If the Intranet pre-clearance system does not recognize a security, or if
an employee is unable to use the system or has any questions with respect
to the system or pre-clearance, the employee may consult the Code of Ethics
Administrator.  The Code of Ethics Administrator shall not have authority
to answer any questions about a security other than whether trading is
permitted.  The response of the Code of Ethics Administrator as to whether
a security appears on the Restricted List and, if so, whether it is
eligible for the exceptions set forth after this Rule shall be final,
unless the employee appeals to the Code of Ethics Officer, using the
procedure described in Section VII, regarding the request to trade a
particular security.

C. Removal of Securities from Restricted List. Securities shall be removed
from the Restricted List when: (a) in the case of securities on the
Restricted List pursuant to Rule 1(a), they are no longer being purchased
or sold for a Putnam client or actively considered for purchase or sale for
a Putnam client; (b) in the case of securities on the Restricted List
pursuant to Rule 1(b), the holdings of Putnam clients fall below the
applicable threshold designated in that Rule, or at such earlier time as
the Code of Ethics Officer deems appropriate; or (c) in the case of
securities on the Restricted List pursuant to Rule 1(c) or 1(d), when
circumstances no longer warrant restrictions on personal trading.

COMMENTS

1. Pre-Clearance. Subpart (a) of this Rule is designed to avoid the
conflict of interest that might occur when an employee trades for his
personal account a security that currently is being traded or is likely to
be traded for a Putnam client. Such conflicts arise, for example, when the
trades of an employee might have an impact on the price or availability of
a particular security, or when the trades of the client might have an
impact on price to the benefit of the employee. Thus, exceptions involve
situations where the trade of a Putnam employee is unlikely to have an
impact on the market.

2. Regulatory Limits. Owing to a variety of federal statutes and
regulations in the banking, savings and loan, communications, and gaming
industries, it is critical that accounts of Putnam clients not hold more
than 10% of the voting securities of any issuer (5% for public utilities).
Because of the risk that the personal holdings of Putnam employees may be
aggregated with Putnam holdings for these purposes, subpart (b) of this
Rule limits personal trades in these areas. The 7% limit (4% for public
utilities) will allow the regulatory limits to be observed.
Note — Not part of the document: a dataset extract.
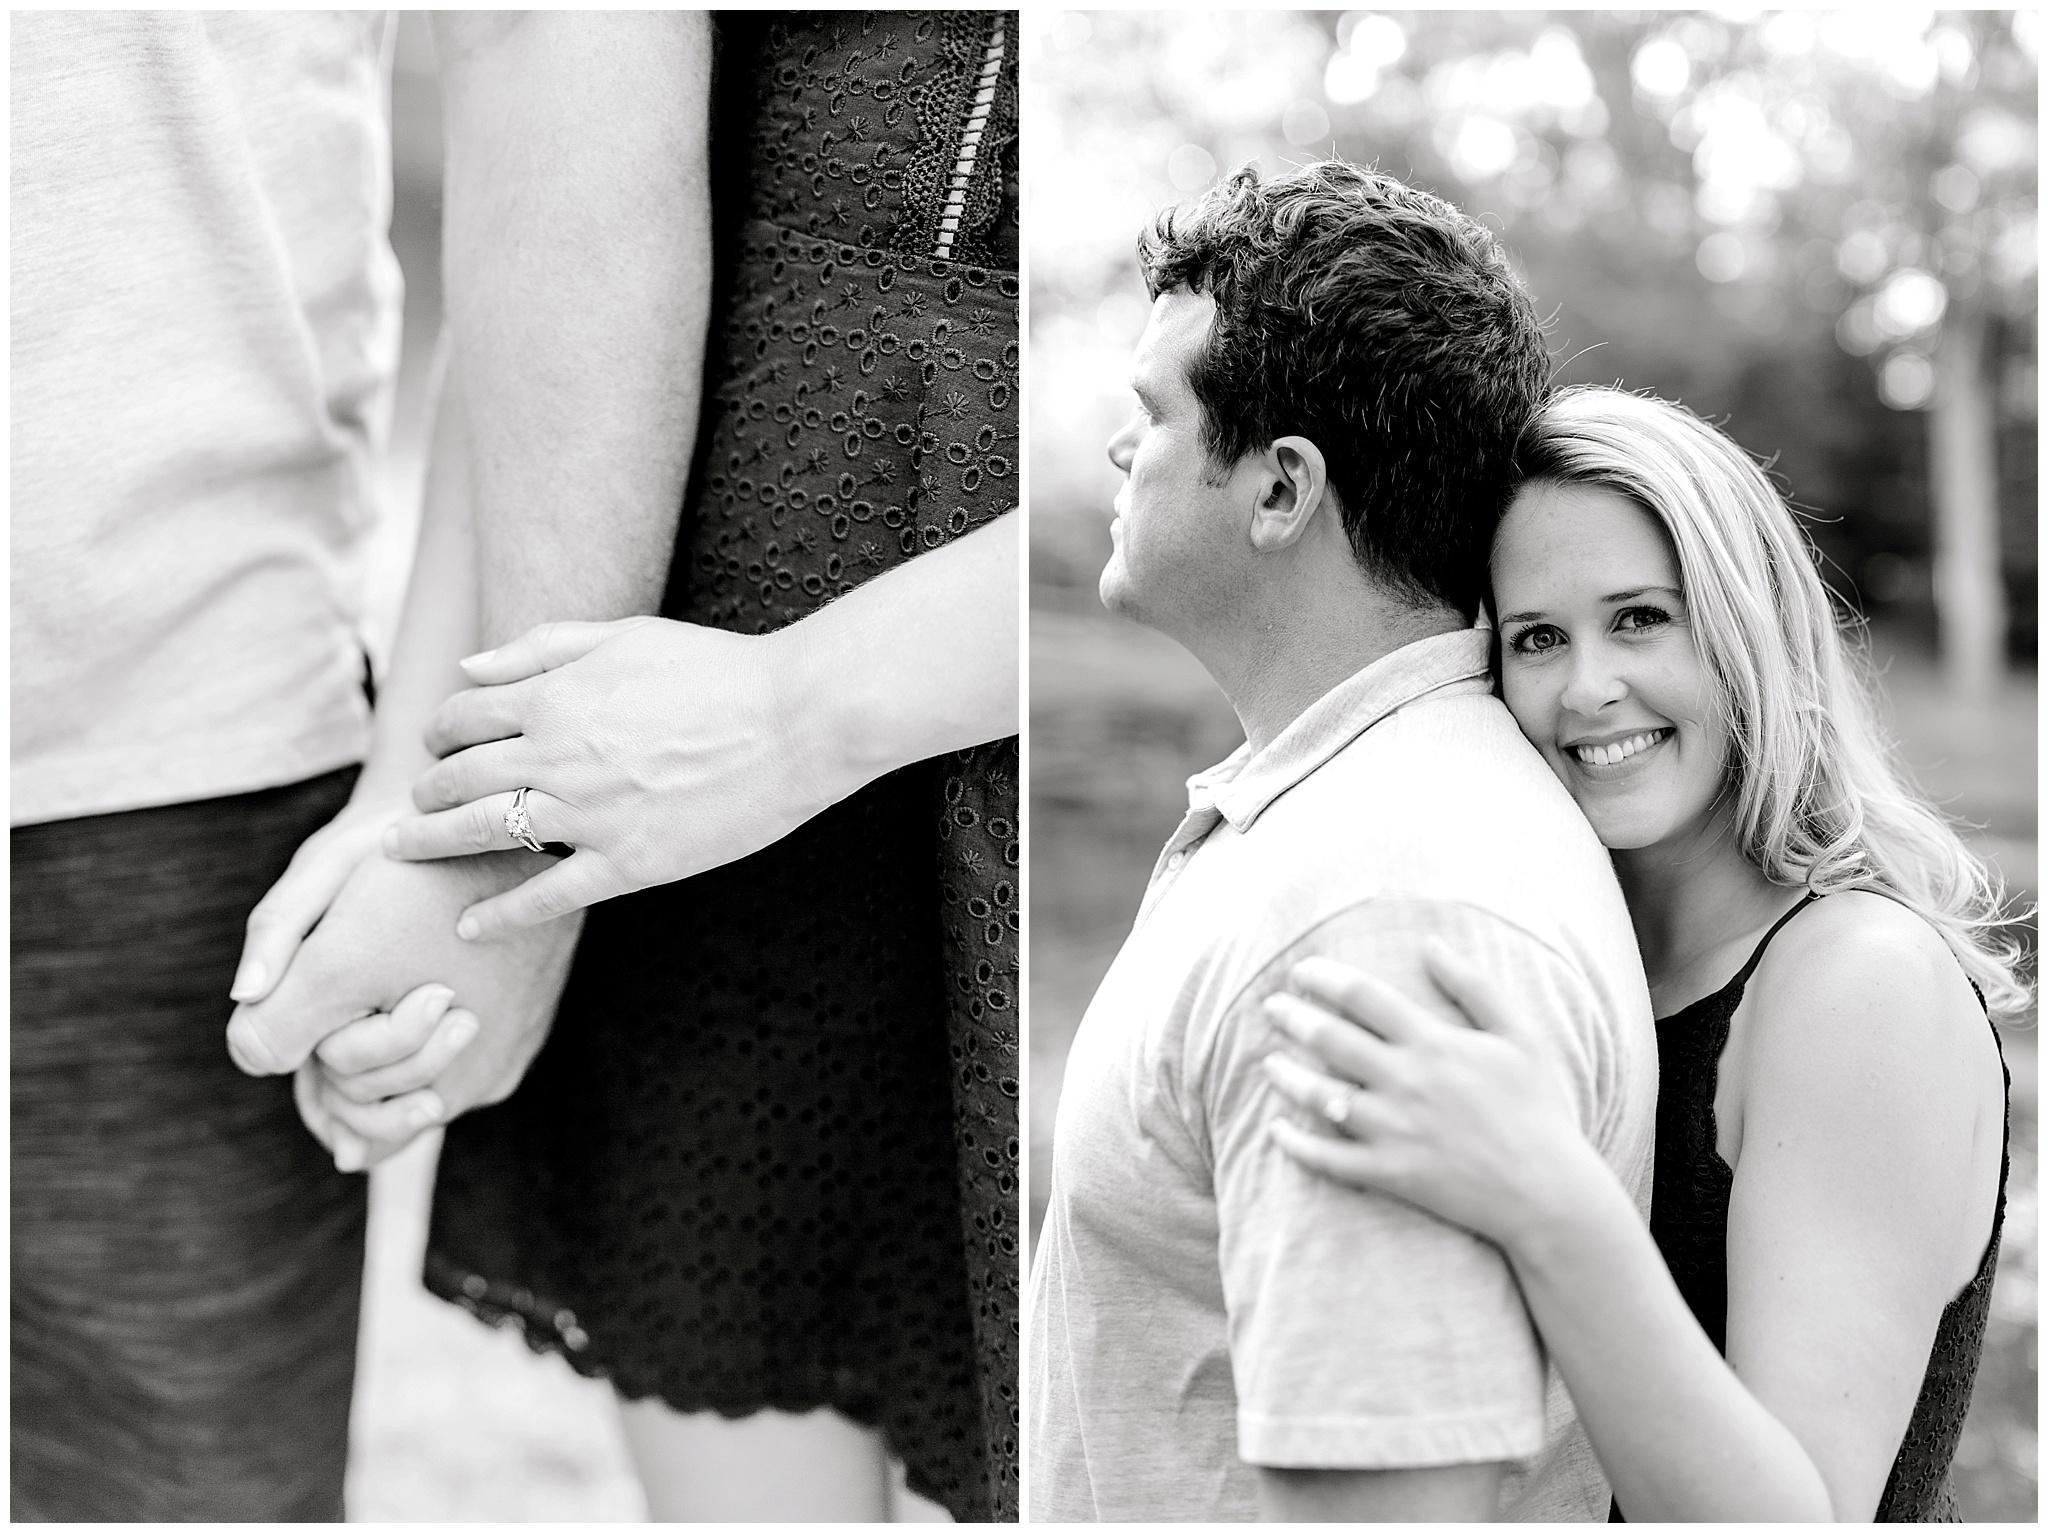 Arlington Engagement Photographer, Arlington Engagement Session, Arlington VA Wedding Photographer, Arlington VA Engagement Photographer
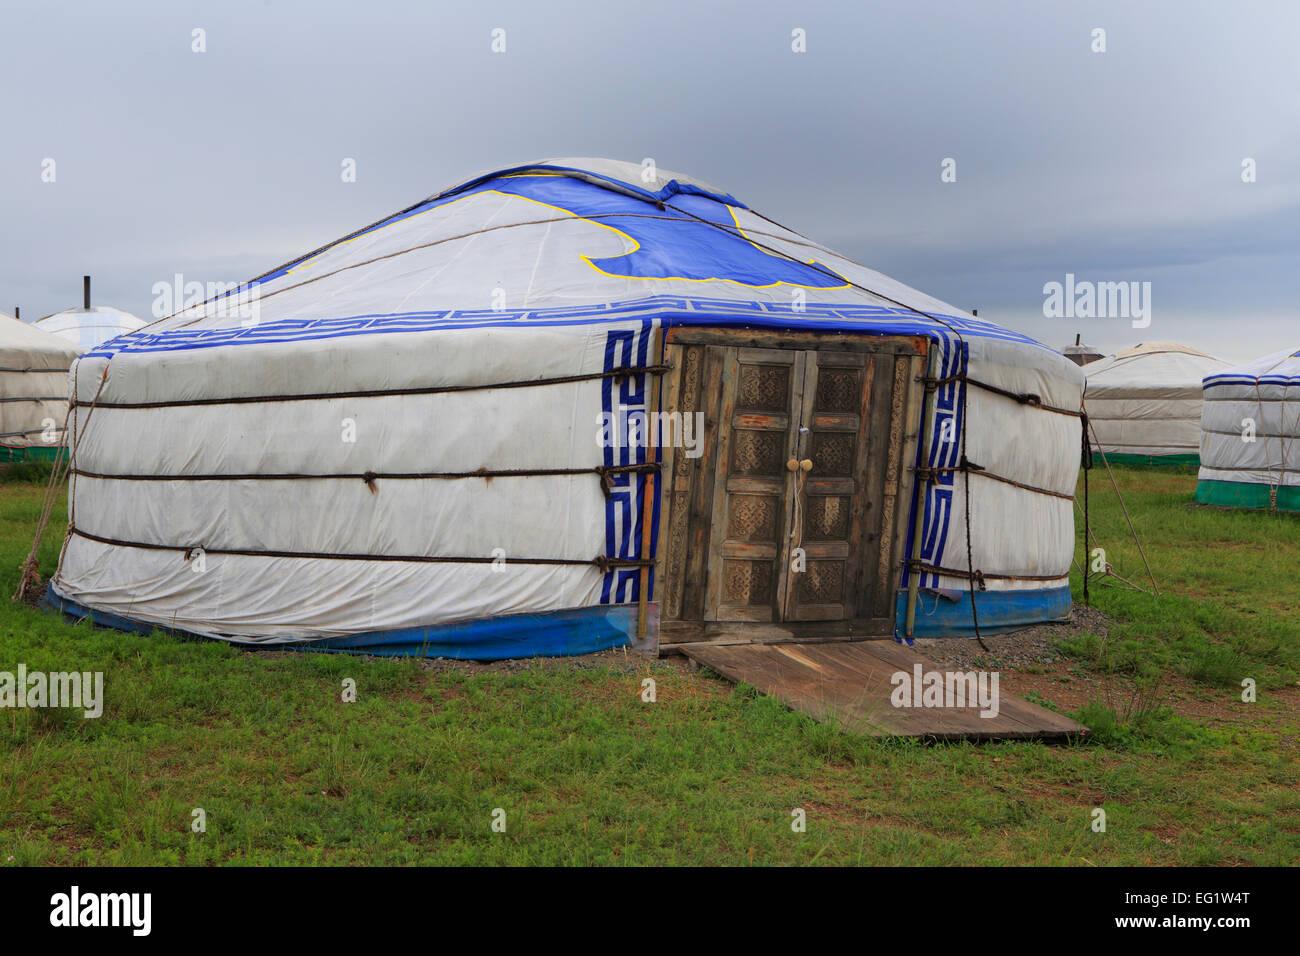 Traditional house in steppe, near Ogii lake, Arkhangai province, Mongolia - Stock Image

3. Options. For the purposes of this Code, options are treated like the
underlying security. See Definitions. Thus, an employee may not purchase,
sell, or "write" option contracts for a security that is on the Restricted
List. A securities index will not be put on the Restricted List simply
because one or more of its underlying securities have been put on the
Restricted List.  The exercise of an options contract (the purchase or
writing of which was previously pre-cleared) does not have to be
pre-cleared.  Note, however, that the sale of securities obtained through
the exercise of options must be pre-cleared.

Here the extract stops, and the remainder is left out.